日本キリスト教協議会(東京都新宿区、NCC)は28日、法務省が同日2人の死刑を執行したと発表したのを受けて、「死刑執行の『自動化』が本格的になり、国家の暴力的体質の増幅を懸念」するとした抗議声明を発表した。死刑制度に関しては昨年、国連で死刑執行の一時停止を求める総会決議が初めて採択。30日には国連の自由権規約委員会が、日本の人権状況に関する審査報告書で「(死刑制度の廃止を)世論調査と関係なく、前向きに検討すべきだ」(共同)と勧告する内容を発表した。
法務省は28日、福岡拘置所収容の久間三千年(70)と、仙台拘置所収容の高塩正裕(55)の2人の死刑を執行したと発表した。執行は9月11日以来で、今年に入り5回目。森英介法相の9月就任以来では今回が初めて。93年3月以前の中断期以降では合わせて75人の死刑が執行されたことになる。
NCCは声明で、「『神の被造物』である『ひとつのいのち』を、国家の暴力によって奪う死刑執行の加速化に強く反対」すると、今回の死刑執行を強く非難。また、欧州連合(EU)議長国であるフランスも同日、「深く憂慮する」という声明を発表。日本に死刑執行の一時停止と、死刑制度の廃止を検討するよう求めた。
法務省が同日発表した確定犯罪事実要旨によると、久間死刑囚は92年、福岡県飯塚市の路上で、当時7歳であった小学1年生の女児2人を登校中に乗用車で誘拐。その後、首を絞めて殺害し、同県甘木市(現朝倉市)の山中に2人の遺体を遺棄した。高塩死刑囚は04年、正体を隠して福島県いわき市の知人宅に「強盗だ」などと叫んで押し入ったが、正体を見破られたことから、次女(当時55)と知人の妻(当時83)をナイフで多数突き刺し失血死させた。
日本の死刑制度に関しては、国連の自由権規約委員会が30日、98年以来10年ぶりとなった対日審査の最終報告書を発表。近年執行数が増加していることに懸念を表明し、執行当日まで事前の告知がないことや、高齢者に実施されたことなども問題視した。
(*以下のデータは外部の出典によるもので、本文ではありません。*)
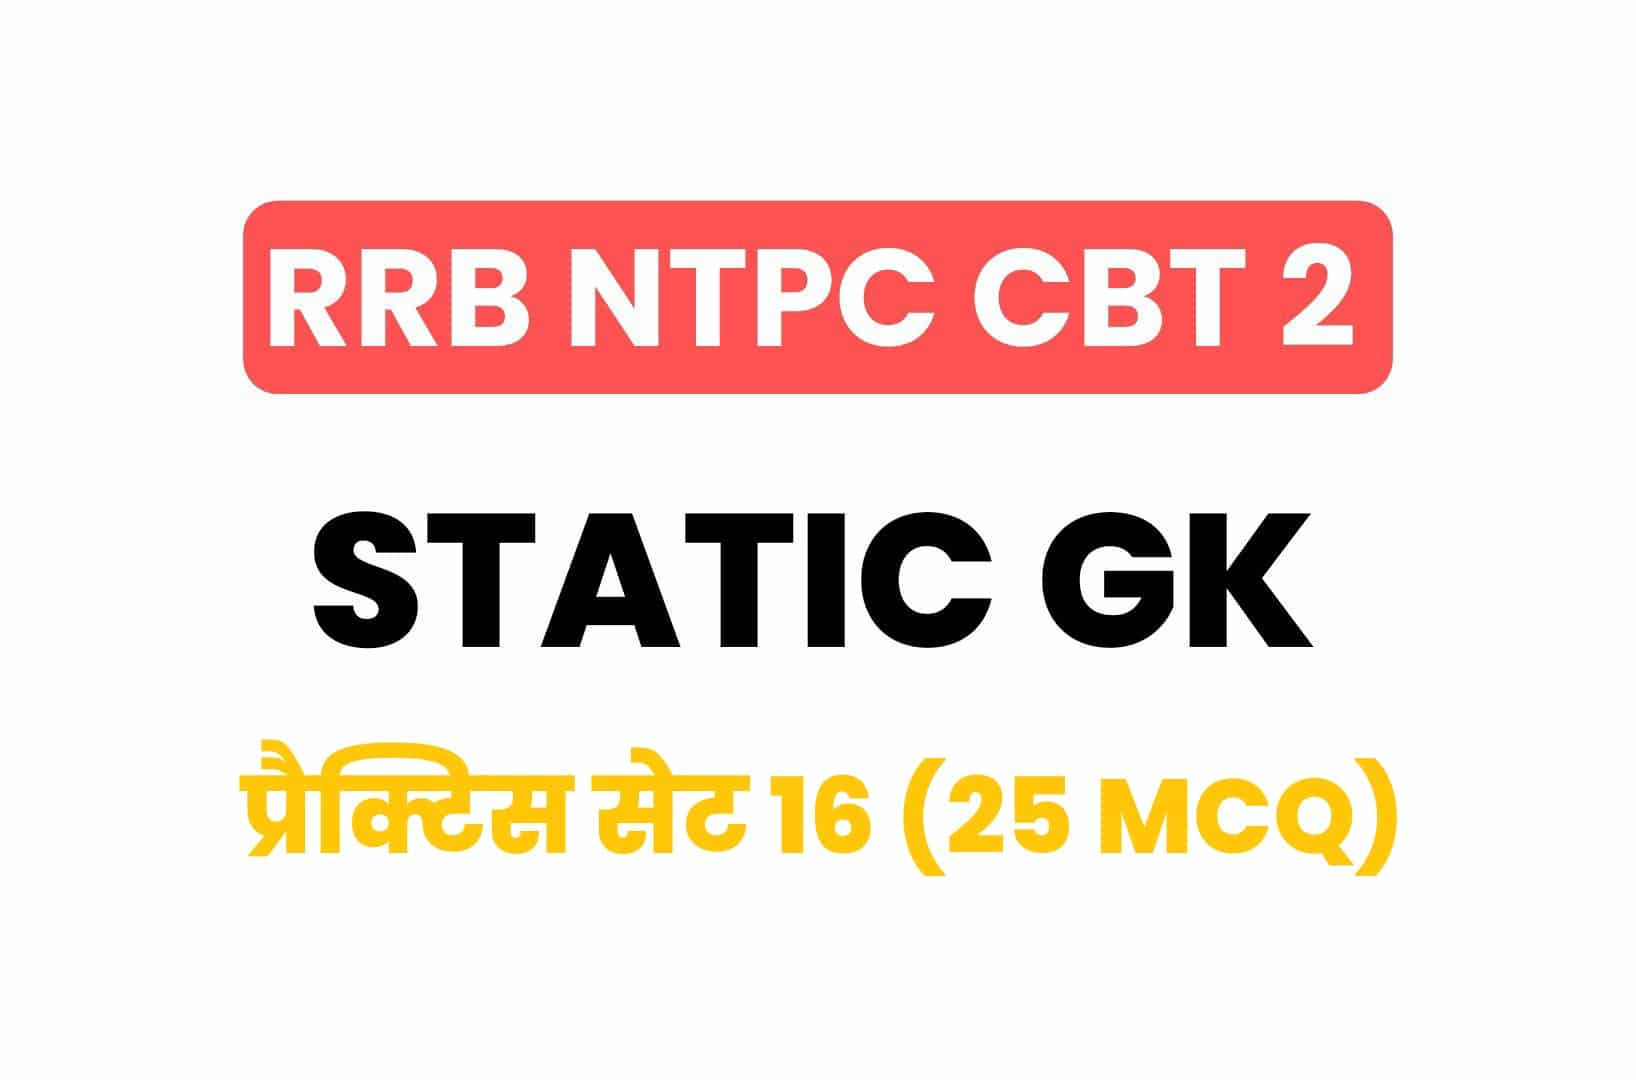 RRB NTPC CBT 2 Static GK प्रैक्टिस सेट 16: परीक्षा ने पूछें गये इन महत्वपूर्ण प्रश्नों का जरूर करें अध्ययन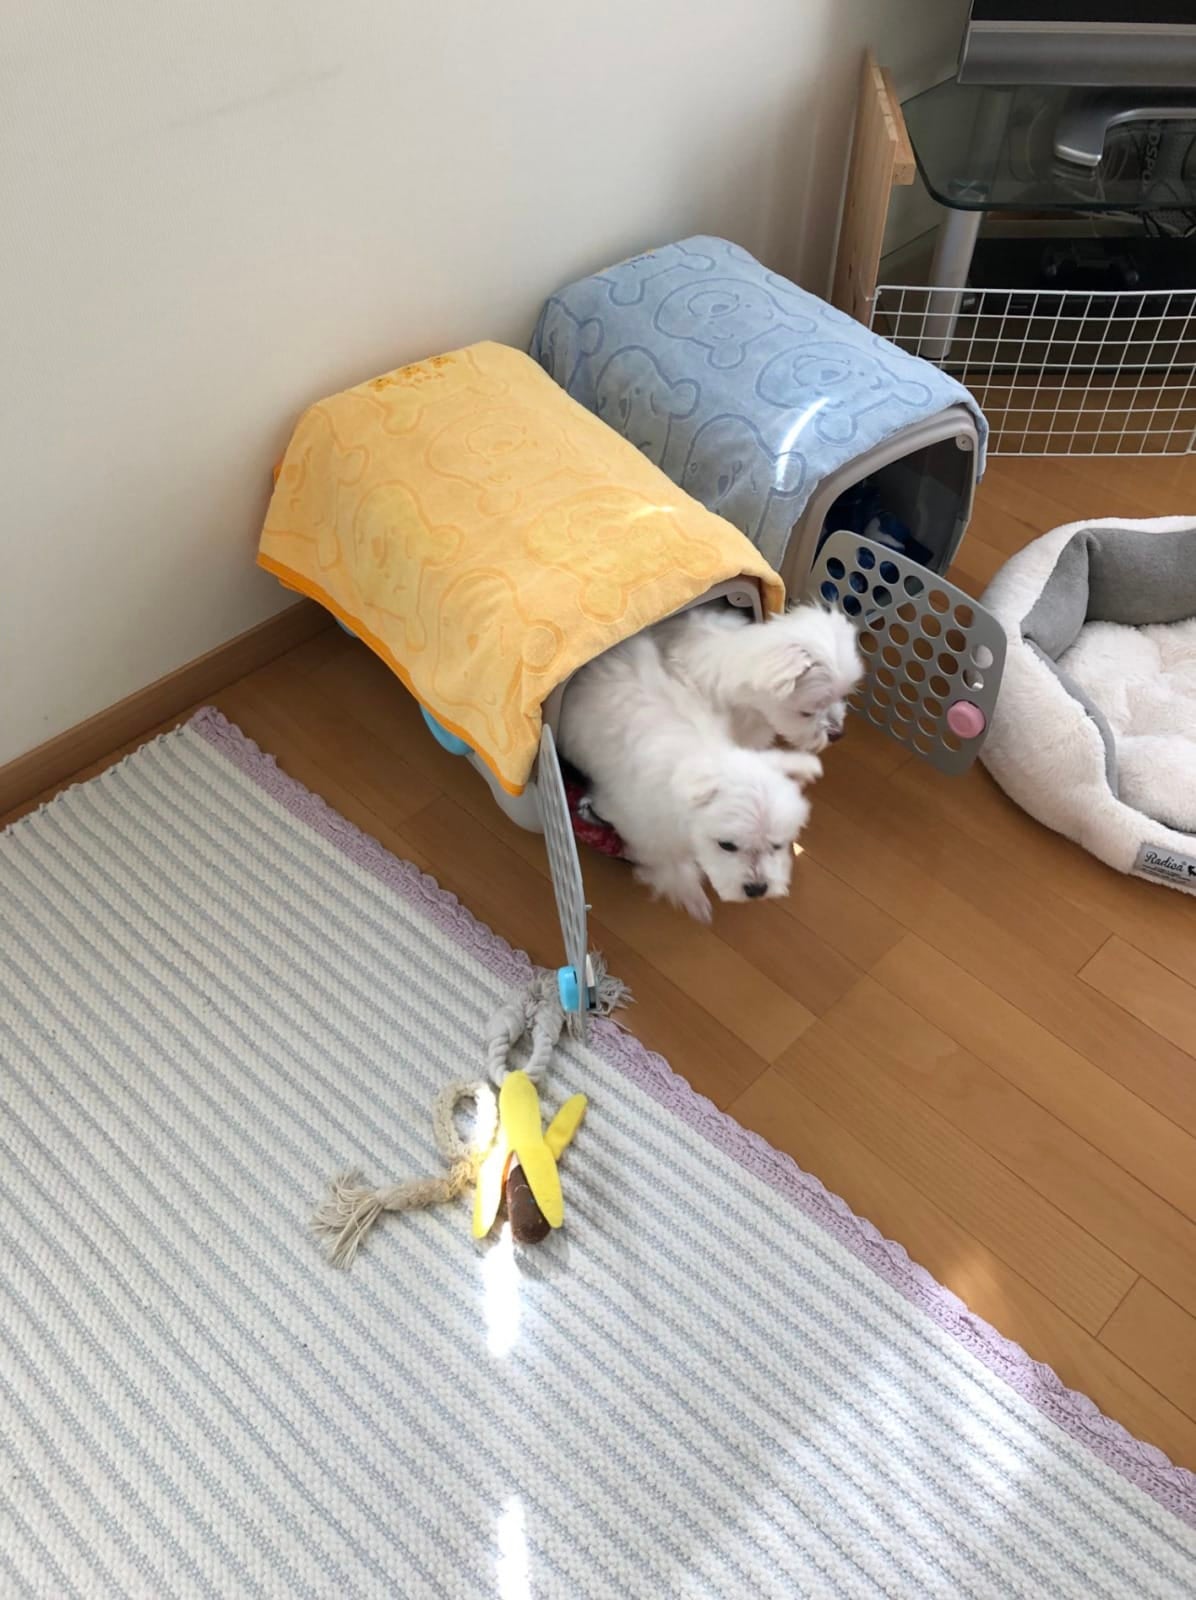 น้องหมาชอบนอนอยู่กรงเดียวกัน

また、日本政府が世論の廃止指示が少ないことを理由に制度維持を主張していることについては、「廃止が望ましいことを一般に知らしめるべきだ」とした。
国連の報告書に対して、人権団体のアムネスティ・インターナショナル日本の寺中誠事務局長は、「予想されたほぼすべての問題でより具体的な勧告が出た。日本の人権に対する国際社会の目は厳しさを増している」(共同)と歓迎。一方で、日本政府筋は、十分に理解が得られず残念だなどと語った。